2 Getting to know about Deep Neural Network

Neural Network

Image Source: https://machprinciple.wordpress.com/2013/11/09/neural-network-controlled-spacecraft-control-logic-exists/

2.1 Introduction

A Deep Neural Network (DNN) is an artificial neural network (ANN) with multiple hidden layers of units between the input and output layers. Similar to shallow ANNs, DNNs can model complex non-linear relationships. DNN architectures (e.g. for object detection and parsing) generate compositional models where the object is expressed as a layered composition of image primitives. The extra layers enable composition of features from lower layers, giving the potential of modeling complex data with fewer units than a similarly performing shallow network.

DNNs are typically designed as feedforward networks, but research has very successfully applied recurrent neural networks, especially LSTM, for applications such as language modeling. Convolutional deep neural networks (CNNs) are used in computer vision where their success is well- documented. CNNs also have been applied to acoustic modeling for automatic speech recognition, where they have shown success over previous models.

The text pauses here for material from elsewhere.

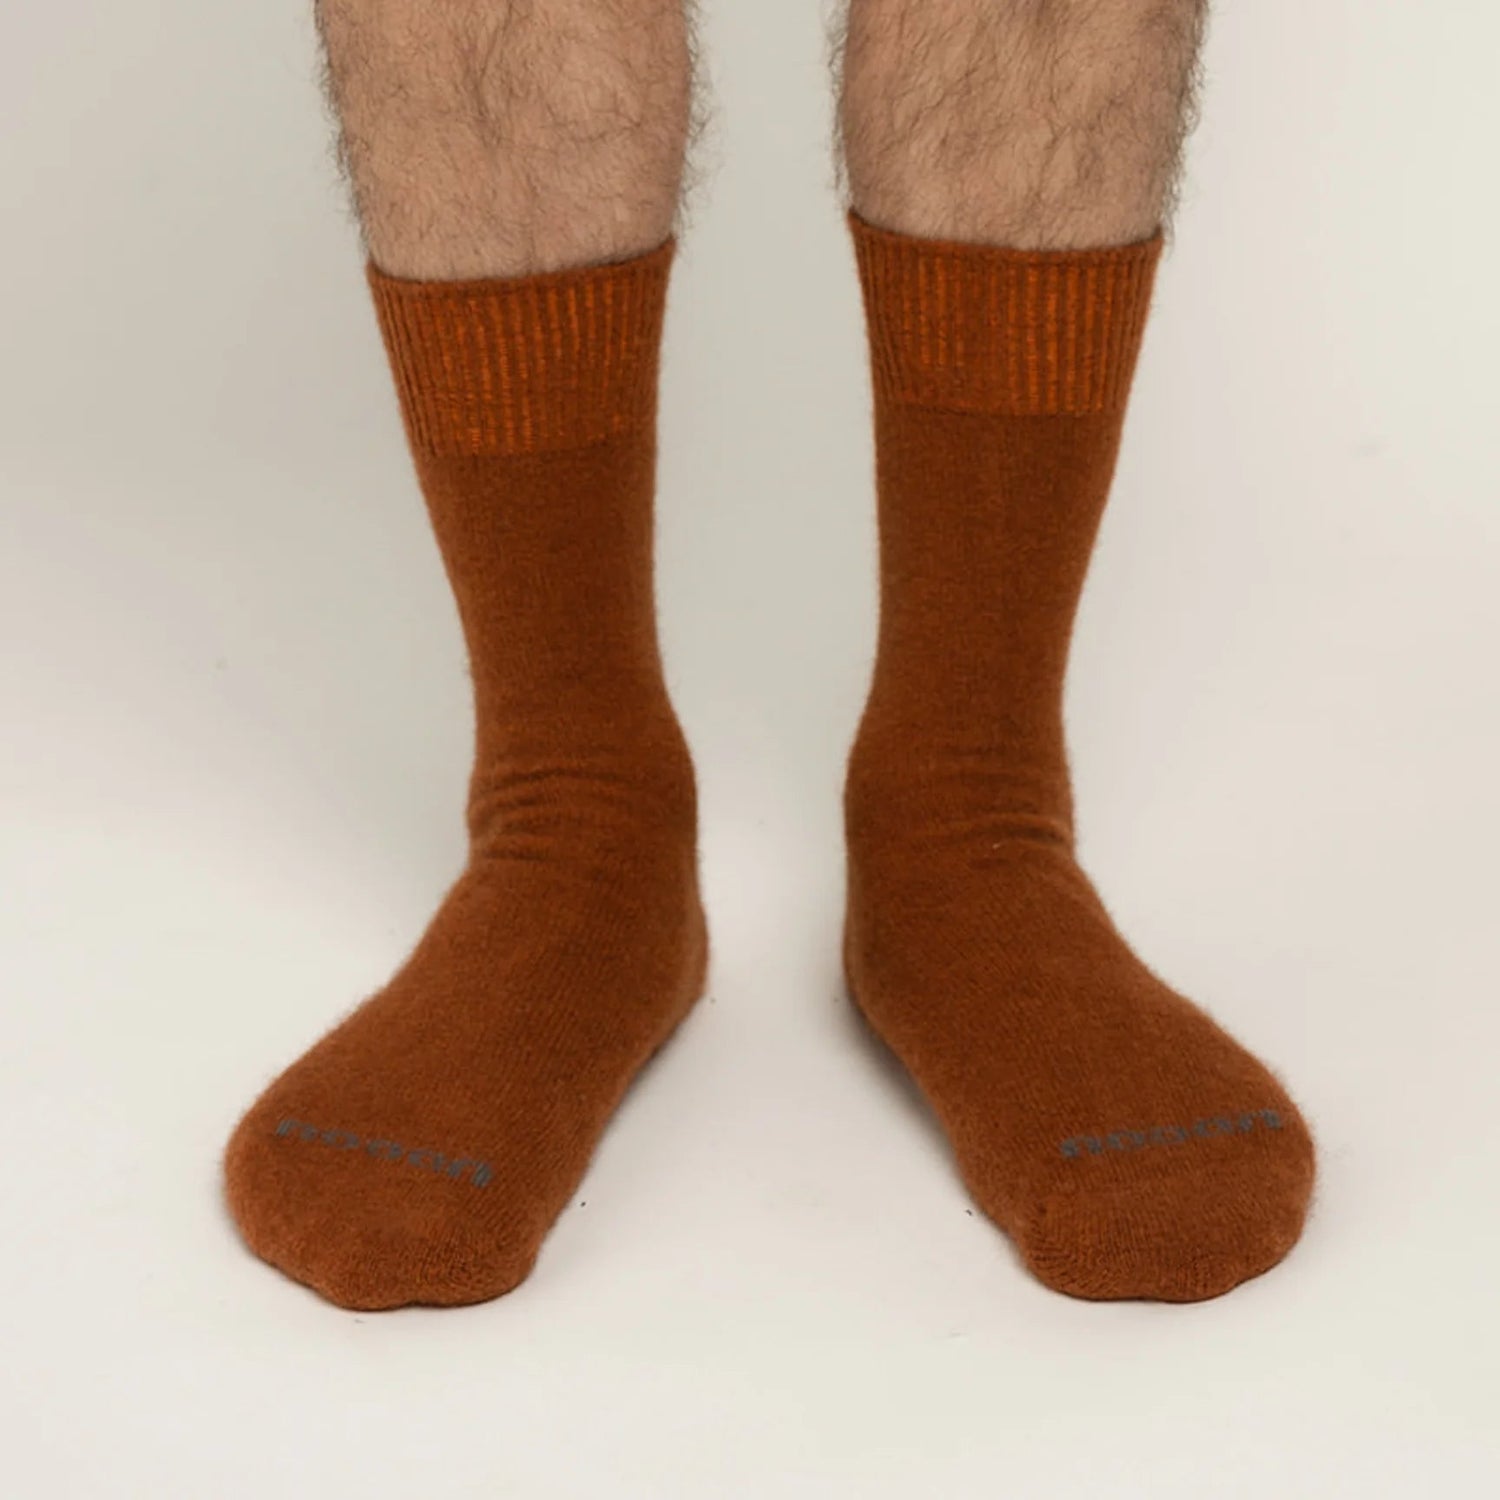 Nooan Socks - Piha, Leather Brown - The Flower Crate

This tutorial will cover DNNs, however, we will introduce the concept of a “shallow” neural network as a starting point.

2.2 History

An interesting fact about neural networks is that the first artificial neural network was implemented in hardware, not software. In 1943, neurophysiologist Warren McCulloch and mathematician Walter Pitts wrote a paper on how neurons might work. In order to describe how neurons in the brain might work, they modeled a simple neural network using electrical circuits. [1]

2.3 Backpropagation

Backpropagation, an abbreviation for “backward propagation of errors”, is a common method of training artificial neural networks used in conjunction with an optimization method such as gradient descent. The method calculates the gradient of a loss function with respect to all the weights in the network. The gradient is fed to the optimization method which in turn uses it to update the weights, in an attempt to minimize the loss function.

2.4 Architectures

2.4.1 Multilayer Perceptron (MLP)

A multilayer perceptron (MLP) is a feed- forward artificial neural network model that maps sets of input data onto a set of appropriate outputs. This is also called a fully-connected feed-forward ANN. An MLP consists of multiple layers of nodes in a directed graph, with each layer fully connected to the next one. Except for the input nodes, each node is a neuron (or processing element) with a nonlinear activation function. MLP utilizes a supervised learning technique called backpropagation for training the network. MLP is a modification of the standard linear perceptron and can distinguish data that are not linearly separable.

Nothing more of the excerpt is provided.